Sobre un cuerpo que se encoge sobre sí mismo para alinearse con la verdad de su cronología, aún medio puestas, las vibrantes y preciosas y exuberantes piezas de tela dan la razón al espejo.

Comprar un bikini de pronto se convierte en imposible anhelo, el más absurdo. Las décadas pesan tanto que las dos piezas no pueden con ellas.

Las mujeres de variadas edades, una dentro de otra, dentro de la otra, finalmente se ponen de acuerdo. La versión más joven, una adolescente de dieciocho años que se oponía a esta particular rendición, acepta la realidad.

Cincuenta y varios son muchos para acomodarlos dentro de las dos coquetas piezas.

Nos despedimos en paz, para siempre. Llegó el momento de la calzoneta con poderes mágicos. Dentro de ultramodernas fibras sostiene resmas de tiempo, con tecnológica presión abraza lo que del cuerpo se derrama sin miramientos. El franco espejo lo confirma.

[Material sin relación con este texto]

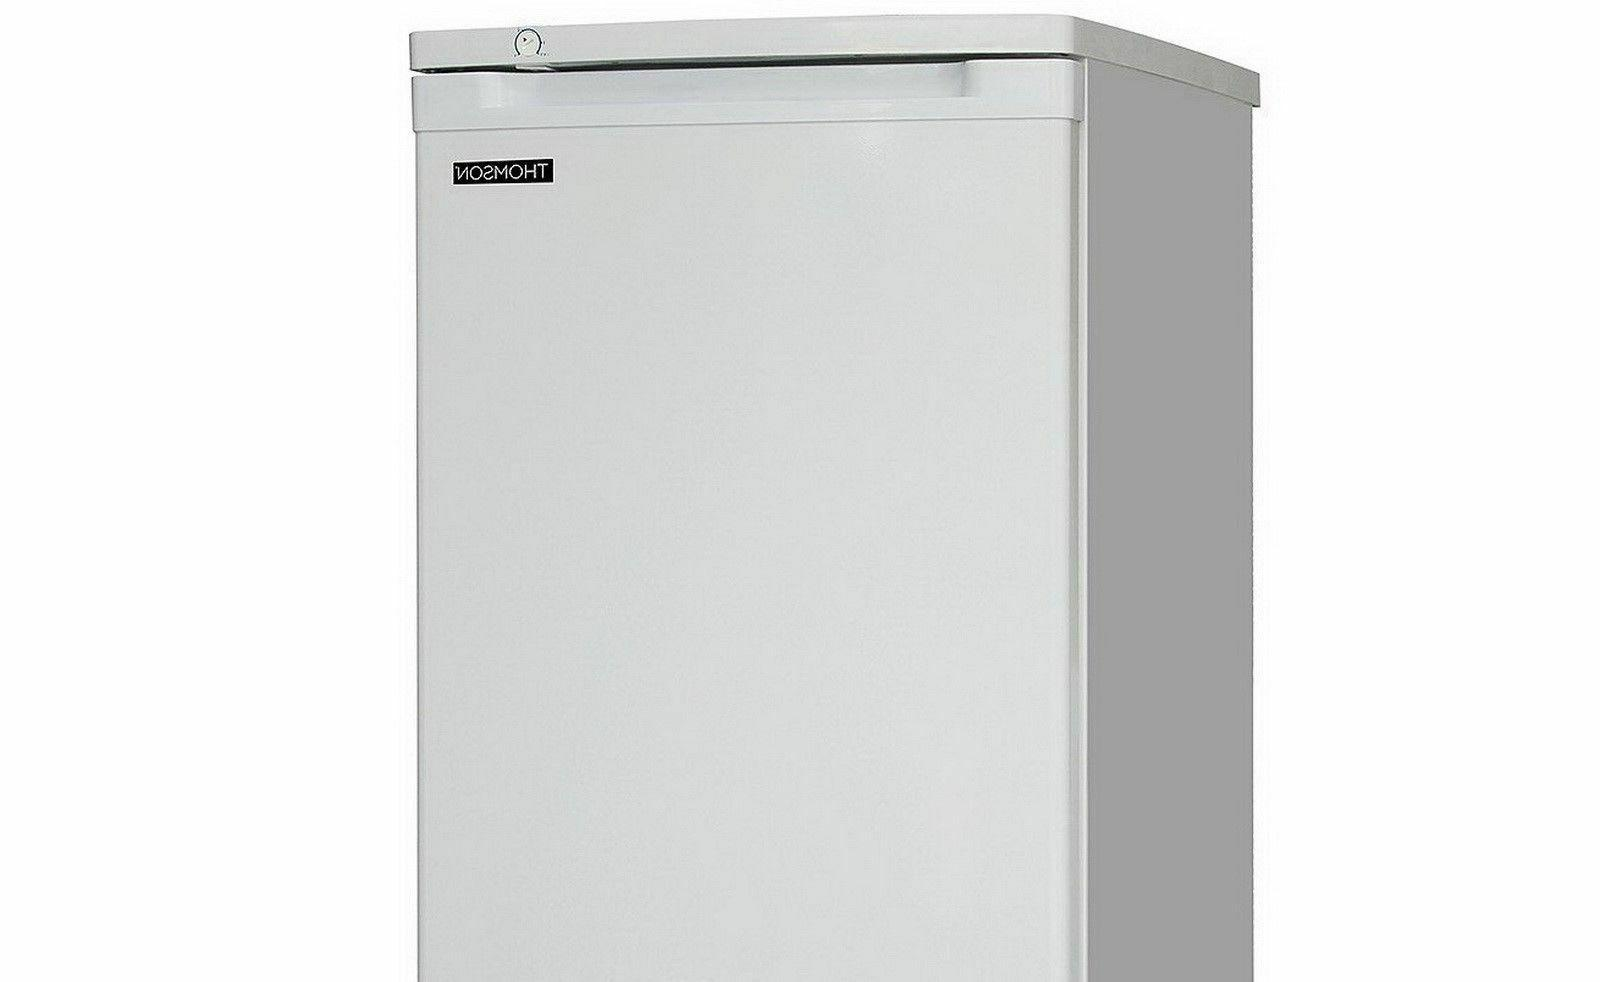 Upright Freezer 6.5 ft.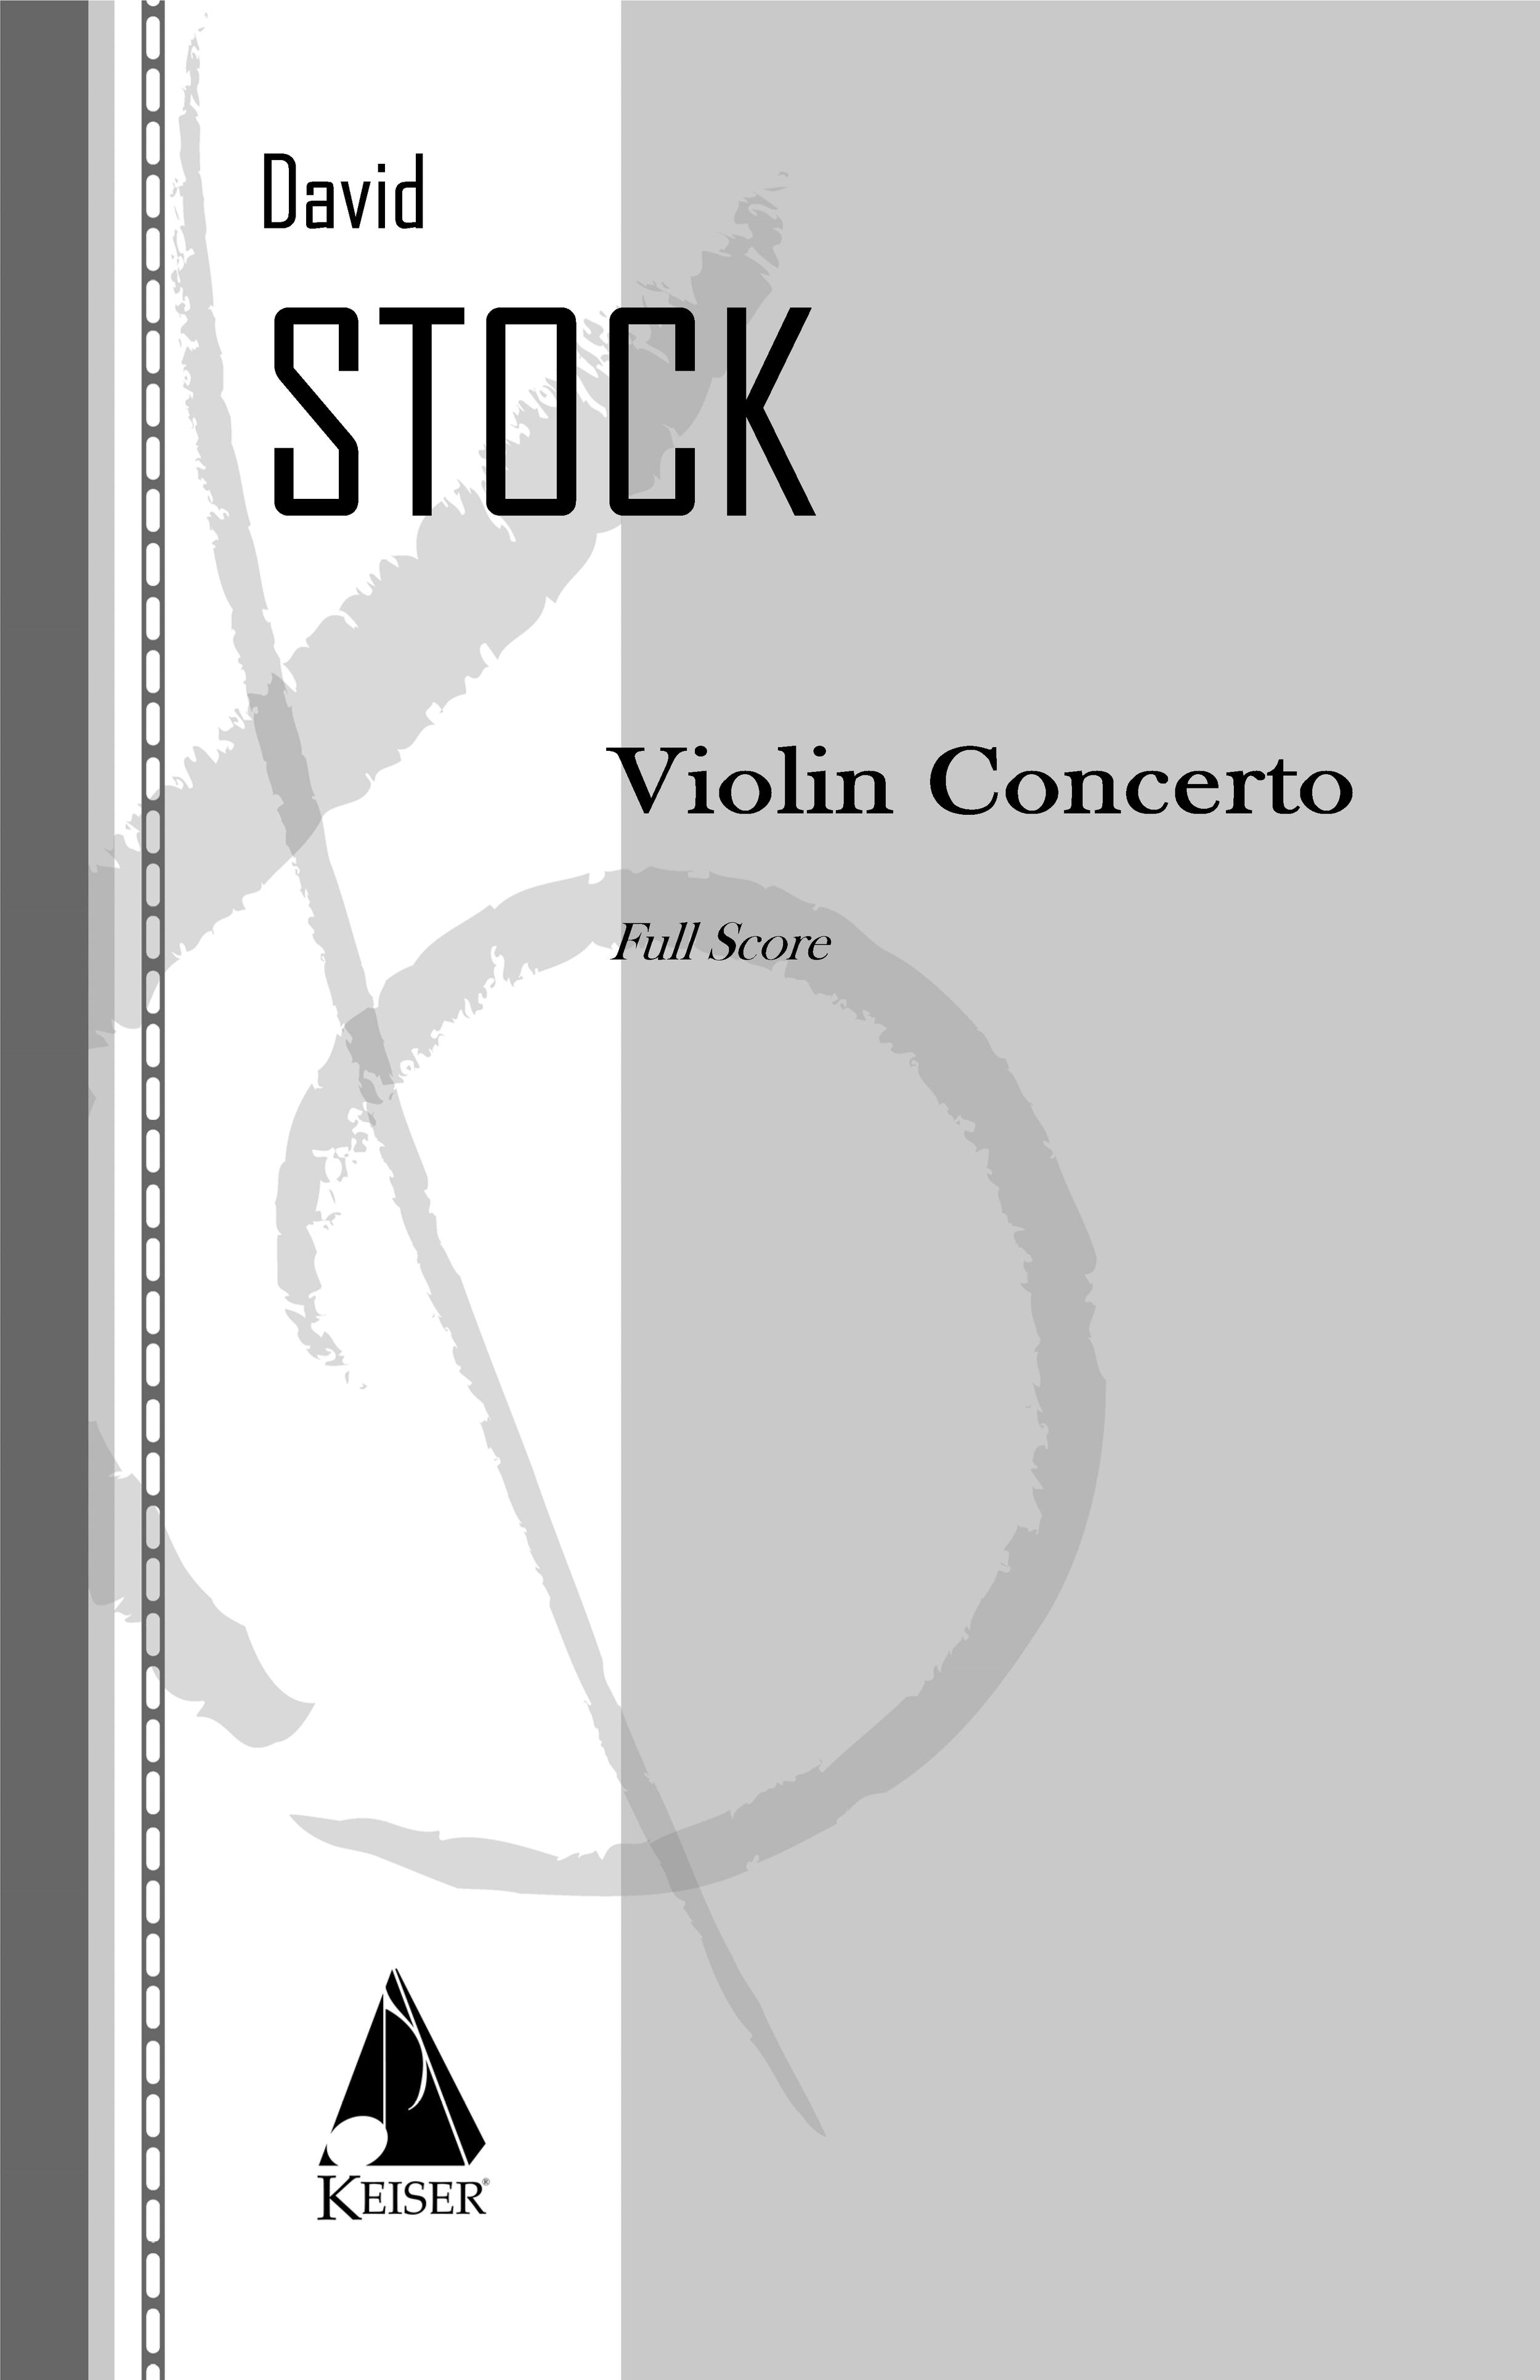 Violin Concerto(1995) - Violin Solo: 2(1d Picc, Alto Flute)+Picc.2+EH.2(1d Eb Clar)+BCl.2+Cbsn: 4.3.3.1: Timp.Perc(3).Hp: StrRent/Buy:Keiser Music

La libertad tiene la bondad de manifestarse de misteriosas maneras. Soltar sin abatimiento la posibilidad de vestir bikini es una de las más cordiales.

Fundacional

El taller fundacional de la escritura empezó temprano. En un atropellado principio, después del primer final. El impulso de escribir nació porque un pozo de interrogantes me crecía dentro rápidamente, en los pensamientos, en la mirada, en el cuerpo mismo.

No cumplía aun los diez años.

Empecé a escribir porque quería respuestas. Era una muchachita desconcertada, una niña de pocos años con su desmedida curiosidad inflamada por la tragedia.

Cavé el pozo con manos agrietadas, golpeada por manosear sin recato la tristeza. Lo multipliqué además por marinar un enojo silente que se me instaló en la habitación de las preguntas.

La prematura invasión de la muerte a la alegre vida de los primeros años fue el epicentro de los interrogatorios. También la orfandad. Esta me consumió. Verlo muerto despertó mi afán de palabras. Si me descuido la orfandad vuelve a consumirme. Muere de nuevo mi padre. Muere una y otra vez. La amargura de la orfandad se convierte en una condición permanente.

Leer y escribir fueron los asideros, el lugar seguro, la buena soledad. Aún lo son. Tanto lo son que la vida no me sucede sin la palabra escrita.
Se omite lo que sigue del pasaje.